ACTIVITY:
Transcribe every line of the material below without change, apart from dropping the pictures.

SUPPLIED MATERIAL:

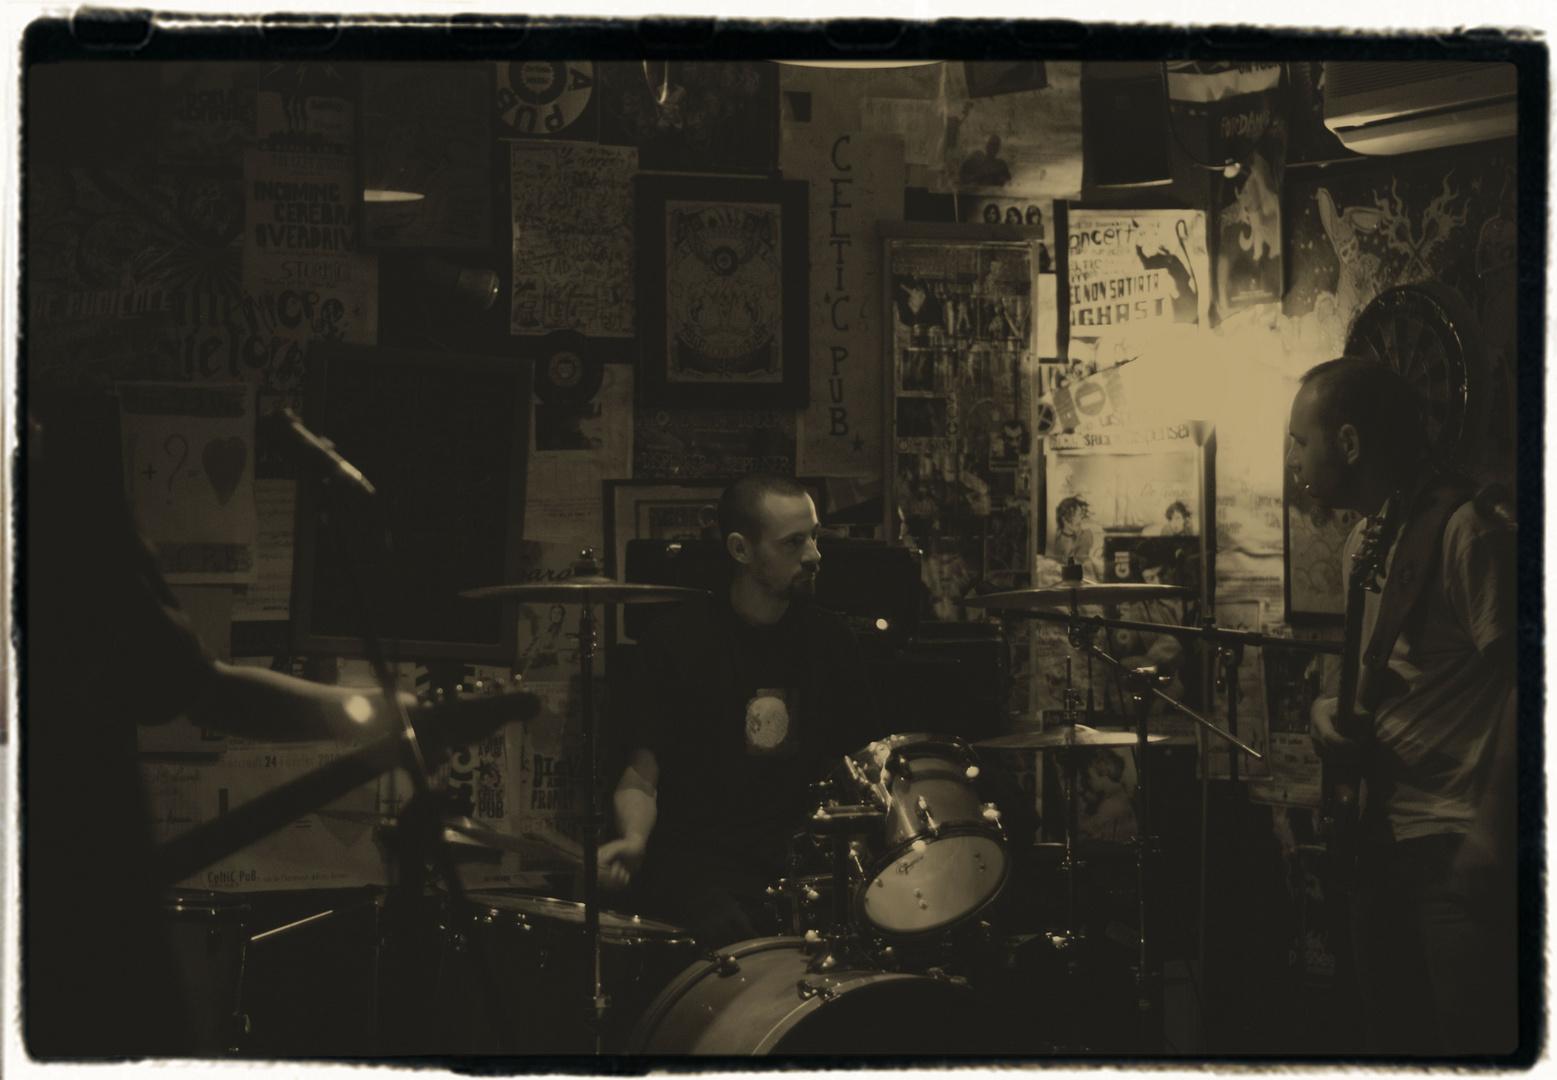 drummer's
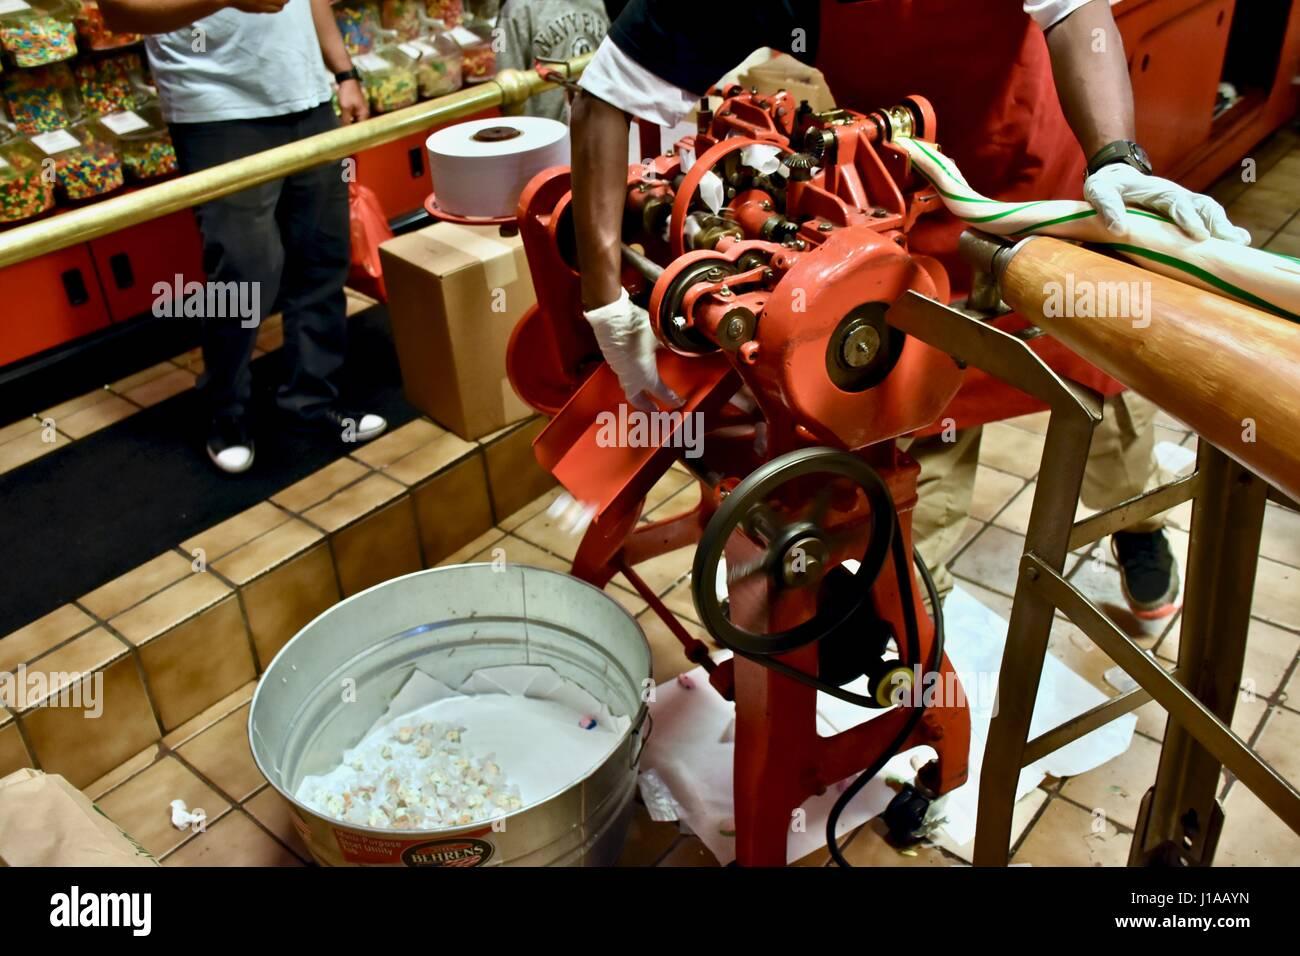 Making salt water taffy at the Savannah Candy Kitchen Stock Photo ...
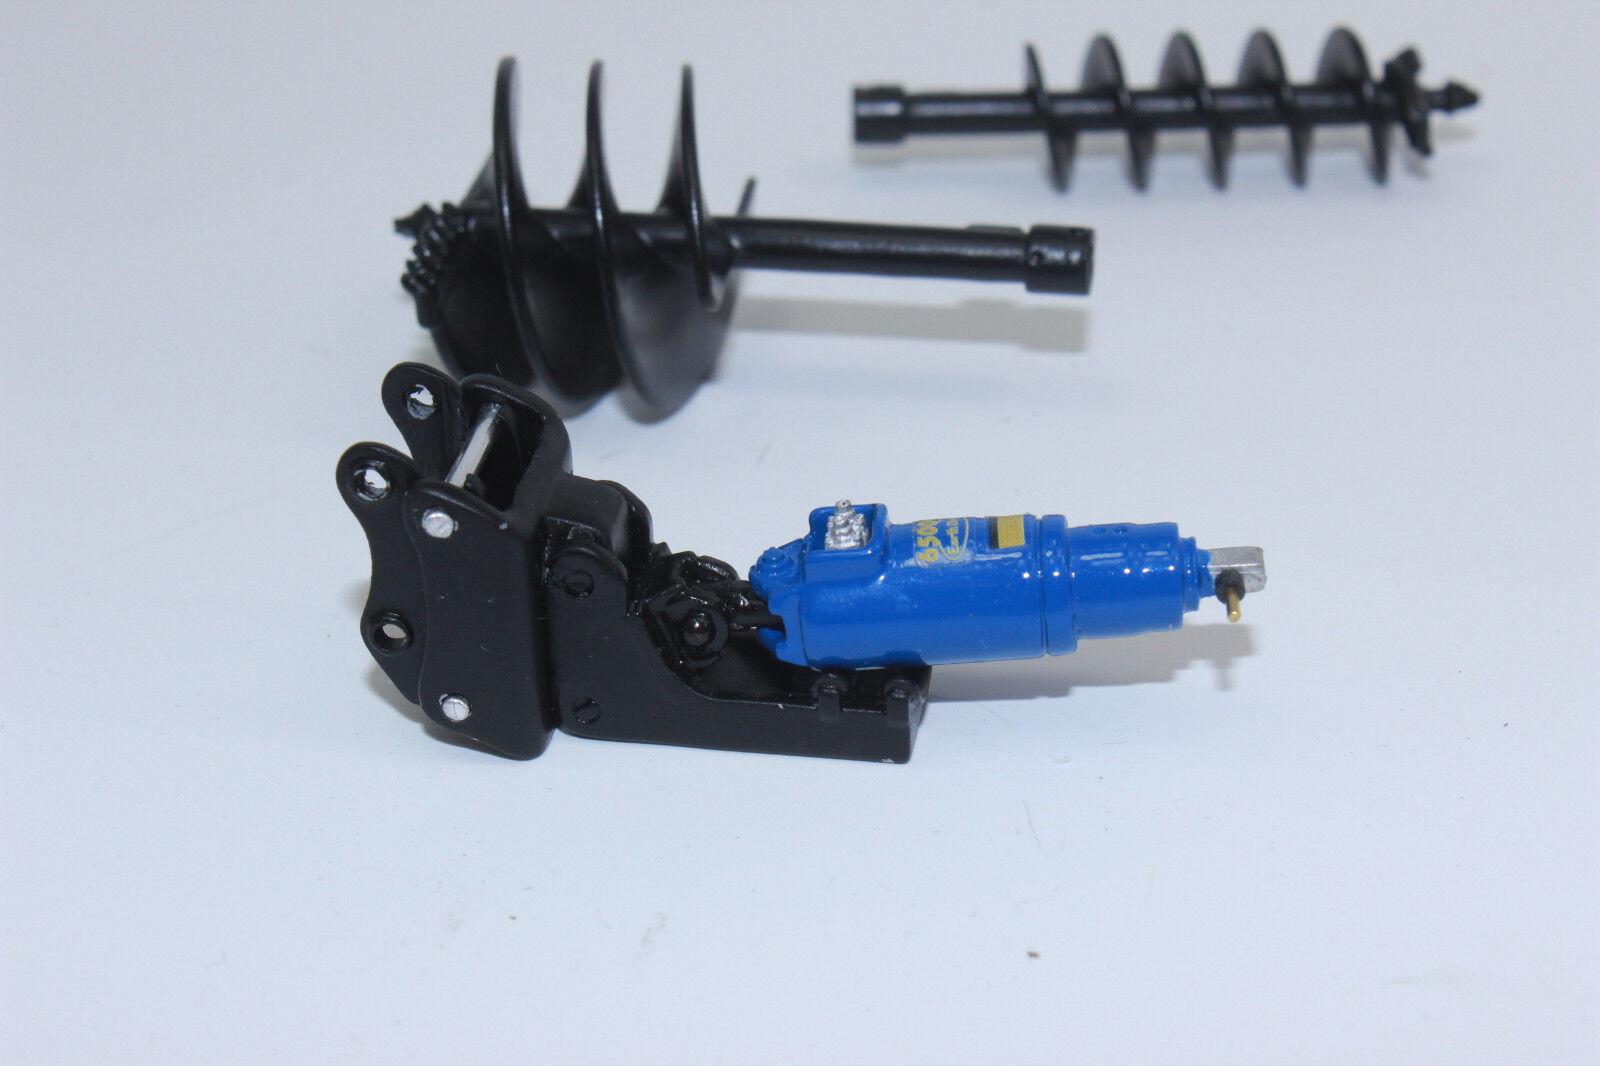 GAZ Evans Evans Evans GF 75 AugerTorque 65000 Erdbohrer Drill + 2 Bohrer 1 50 NEU in OVP 7fa5fd

EXERCISE RESPONSE:
 drummer's
 Making salt water taffy at the Savannah Candy Kitchen Stock Photo ...
 GAZ Evans Evans Evans GF 75 AugerTorque 65000 Erdbohrer Drill + 2 Bohrer 1 50 NEU in OVP 7fa5fd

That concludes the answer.